Install specific skill from multi-skill repository

# Description

Debug Spectro Cloud Palette clusters using event streams, log bundles, and edge host logs. Tracks known errors - both actionable and noise.

# SKILL.md


name: spectrocloud-troubleshooting
description: Debug Spectro Cloud Palette clusters using event streams, log bundles, and edge host logs. Tracks known errors - both actionable and noise.
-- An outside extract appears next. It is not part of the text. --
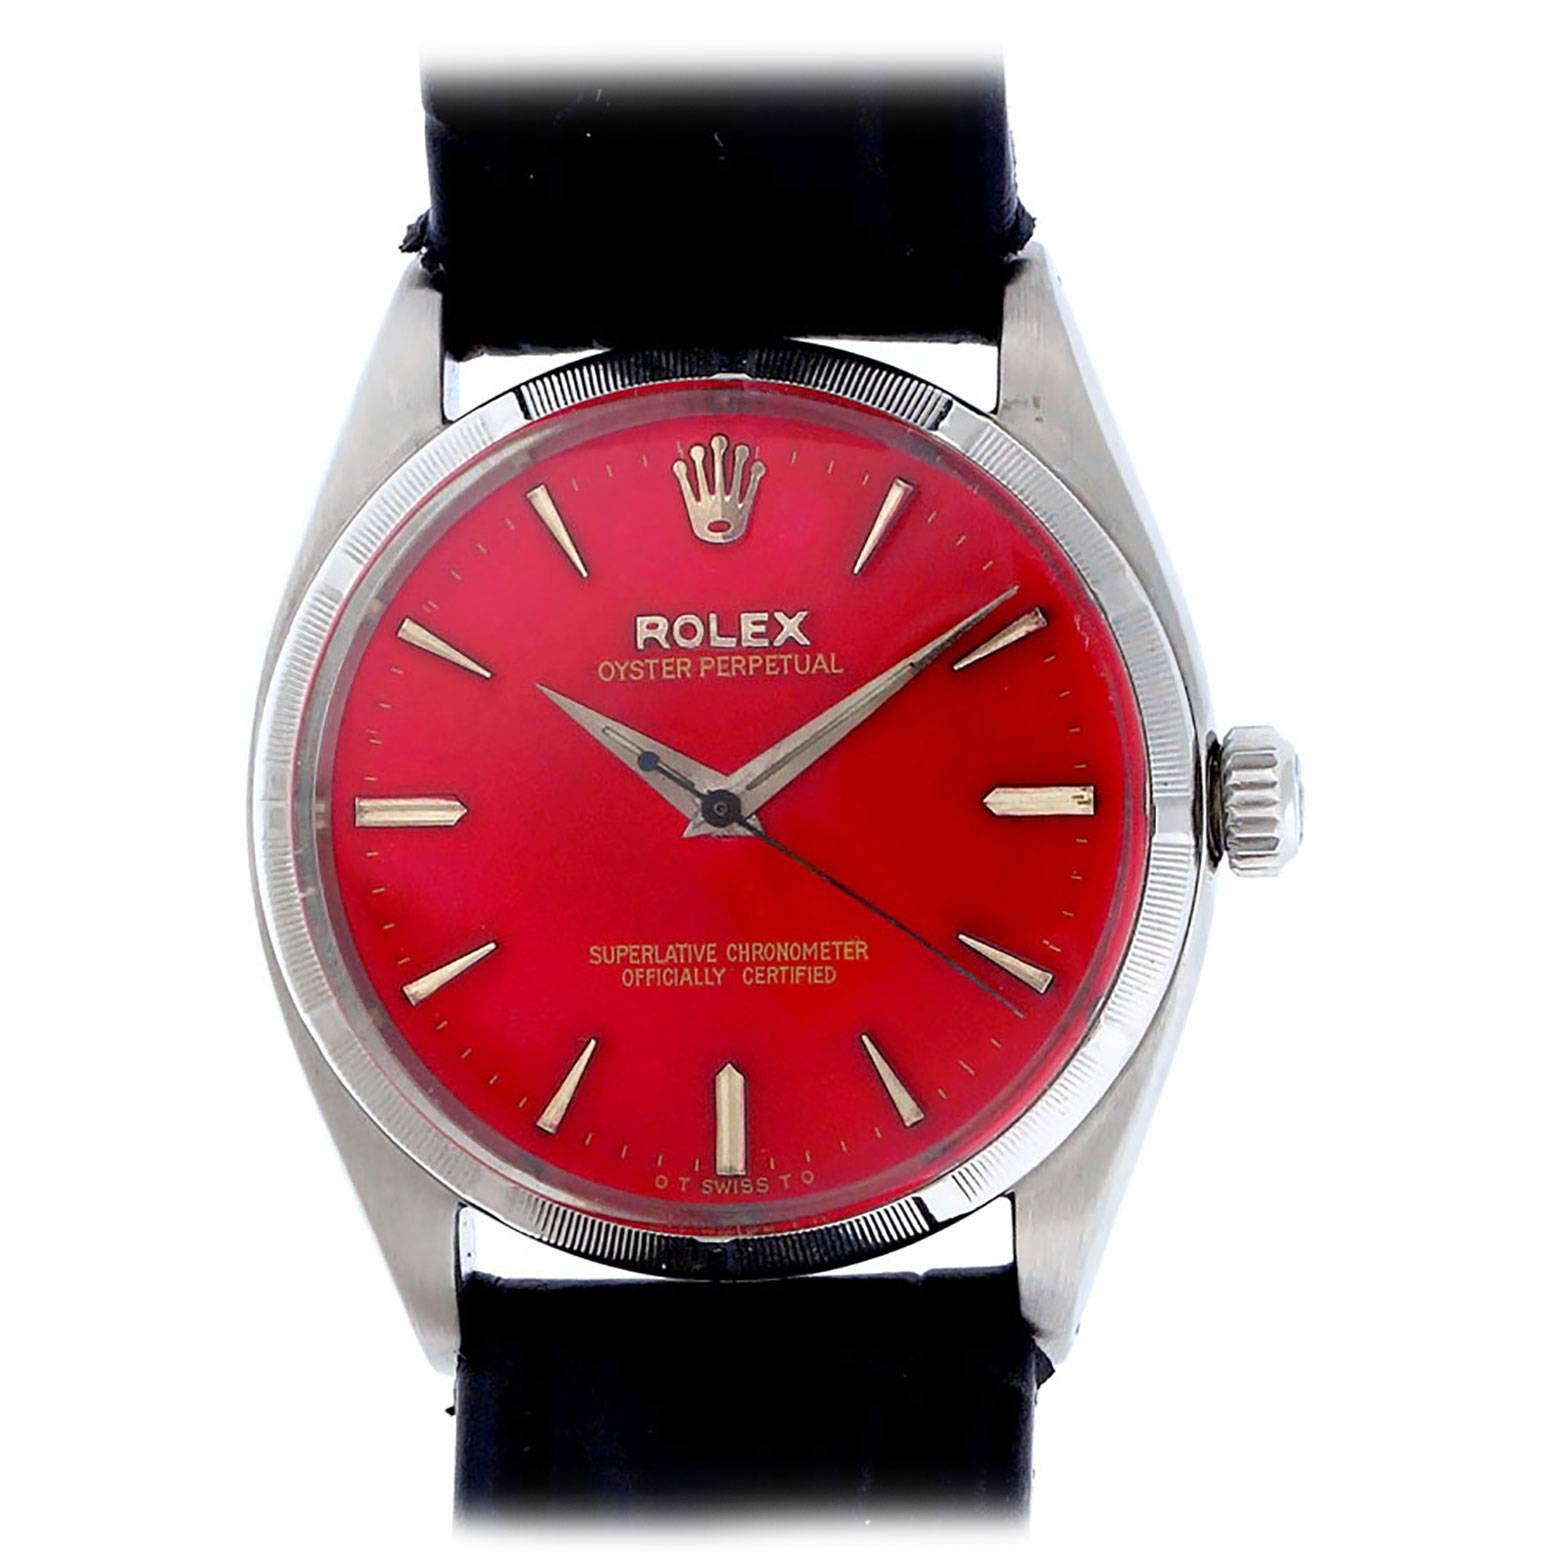 Rolex Stainless Steel Custom Colored Red Dial Wristwatch Ref 6565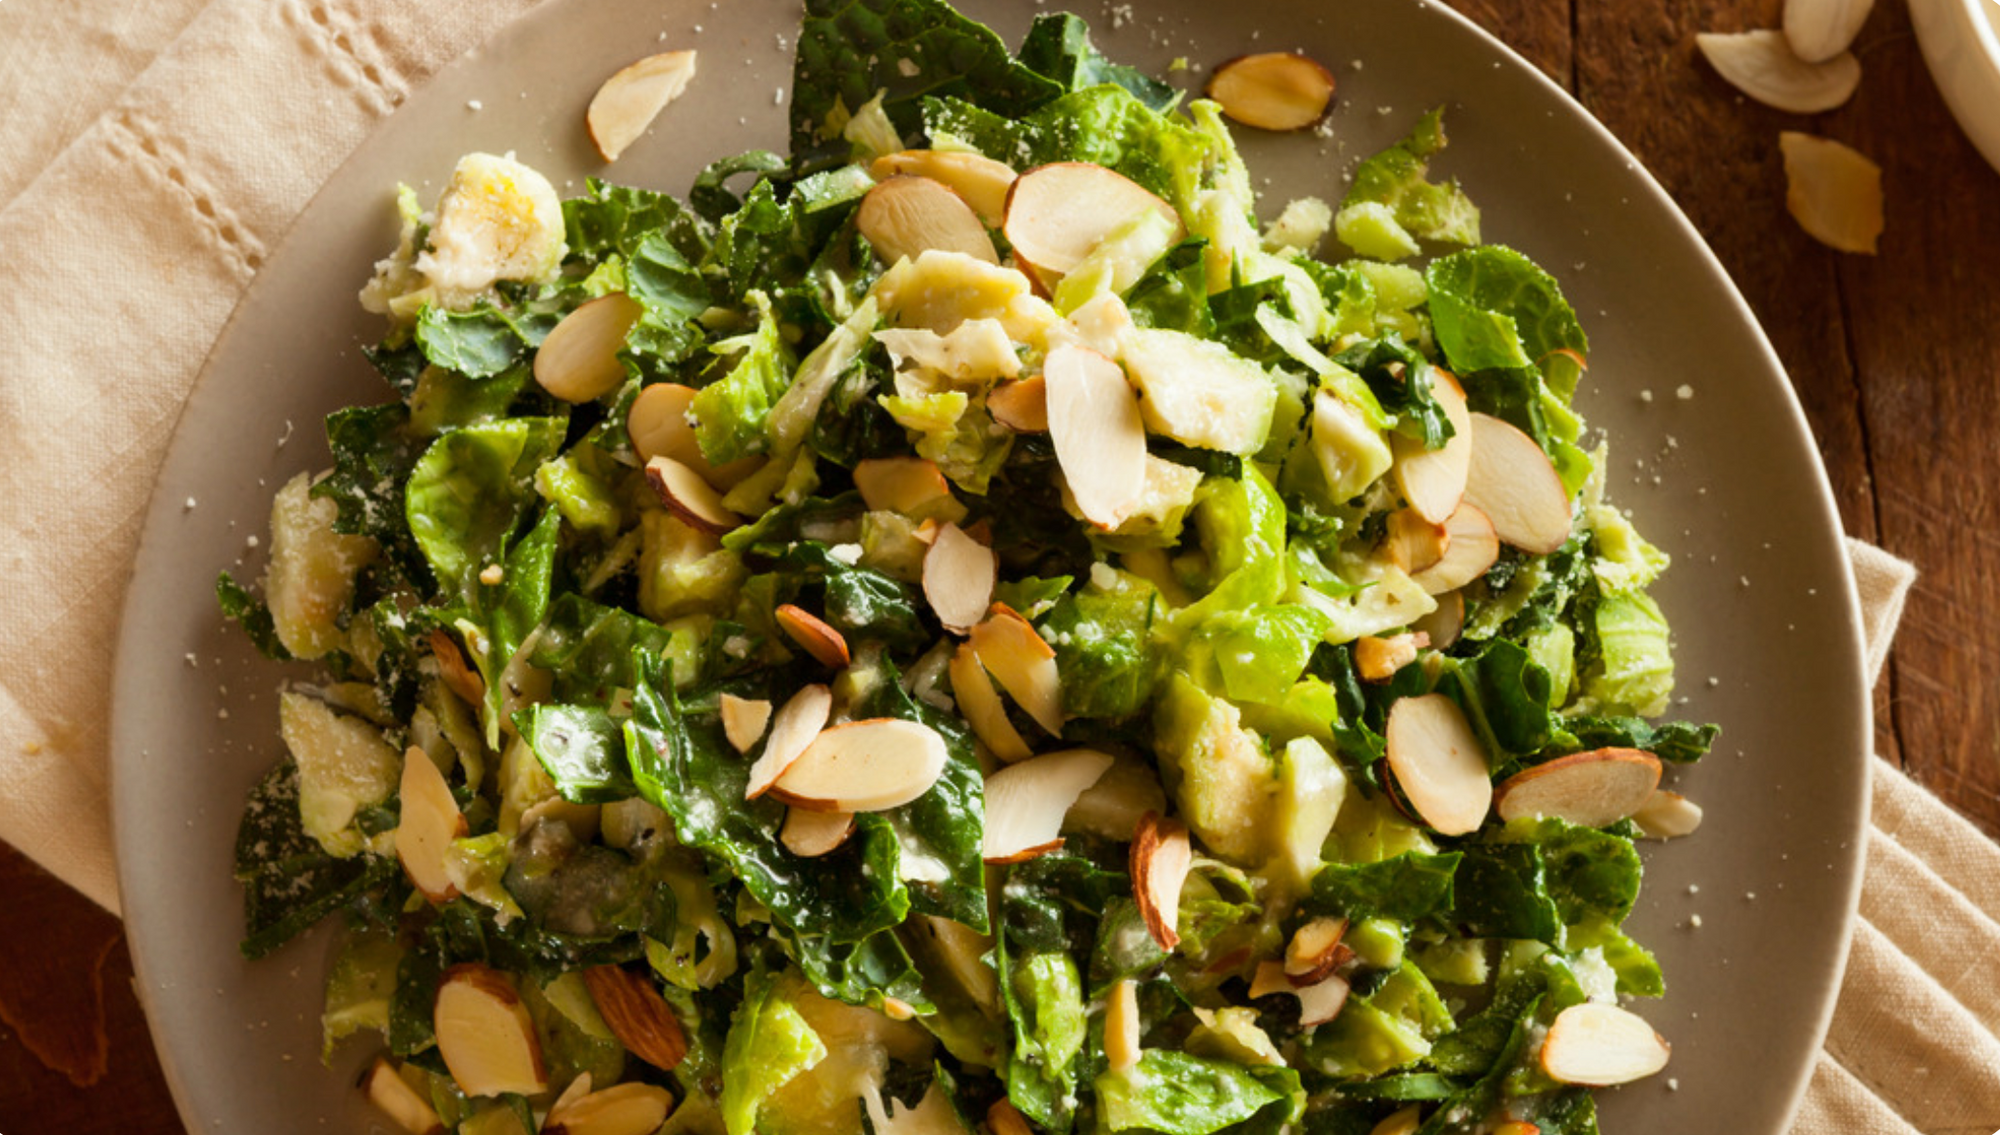 Almond-Crunch Brussels Sprouts and Mixed Greens Salad

Spectro Cloud Troubleshooting

Debug cluster provisioning, upgrades, and operational issues using Palette's event streams and logs.

Key Concepts

  • Event Stream: Live cluster events showing orchestration progress and errors
  • Cluster Conditions: Milestones like "Creating Infrastructure", "Adding Control Plane Node"
  • Log Bundle: Downloadable archive with Spectro logs, system logs, and manifests
  • Reconciliation: Palette retries failed operations - intermittent errors may resolve automatically

Cluster Event Stream (API)

Events stream live and show orchestration progress. Watch these during provisioning.

Get Cluster Events

# Get recent events for a cluster
curl -s "https://api.spectrocloud.com/v1/spectroclusters/$CLUSTER_UID/events?limit=50" \
  -H "ApiKey: $PALETTE_API_KEY" \
  -H "ProjectUid: $PROJECT_UID" | \
  jq '[.items[] | {time: .metadata.creationTimestamp, type: .involvedObject.kind,
      reason: .reason, message: .message}]'

Get Cluster Status & Conditions

# Overview with conditions and upgrade history
curl -s "https://api.spectrocloud.com/v1/dashboard/spectroclusters/$CLUSTER_UID/overview" \
  -H "ApiKey: $PALETTE_API_KEY" \
  -H "ProjectUid: $PROJECT_UID" | \
  jq '{state: .status.state, conditions: .status.conditions, upgrades: .status.upgrades}'

Watch Events (Poll)

# Poll events every 10 seconds during provisioning
while true; do
  echo "=== $(date) ==="
  curl -s "https://api.spectrocloud.com/v1/spectroclusters/$CLUSTER_UID/events?limit=10" \
    -H "ApiKey: $PALETTE_API_KEY" \
    -H "ProjectUid: $PROJECT_UID" | \
    jq -r '.items[] | "\(.metadata.creationTimestamp) [\(.reason)] \(.message)"' | head -10
  sleep 10
done

Log Bundle Download

Download comprehensive logs for deep debugging or support requests.

Download via API

# Download log bundle (returns zip file)
curl -s "https://api.spectrocloud.com/v1/spectroclusters/$CLUSTER_UID/features/logFetcher/logs" \
  -H "ApiKey: $PALETTE_API_KEY" \
  -H "ProjectUid: $PROJECT_UID" \
  -o spectro_logs.zip

# Extract and examine
unzip spectro_logs.zip -d cluster-logs/
ls cluster-logs/

Log Bundle Contents

File/Folder Contents
Manifest.yaml CRDs, Deployments, Pods, ConfigMaps, Events, Nodes
spectro-*.log Palette agent logs (last 10k lines)
system.log System logs
cloud-init.log Cloud-init output

Edge Host Logs (SSH)

For edge deployments, SSH to the host for live debugging.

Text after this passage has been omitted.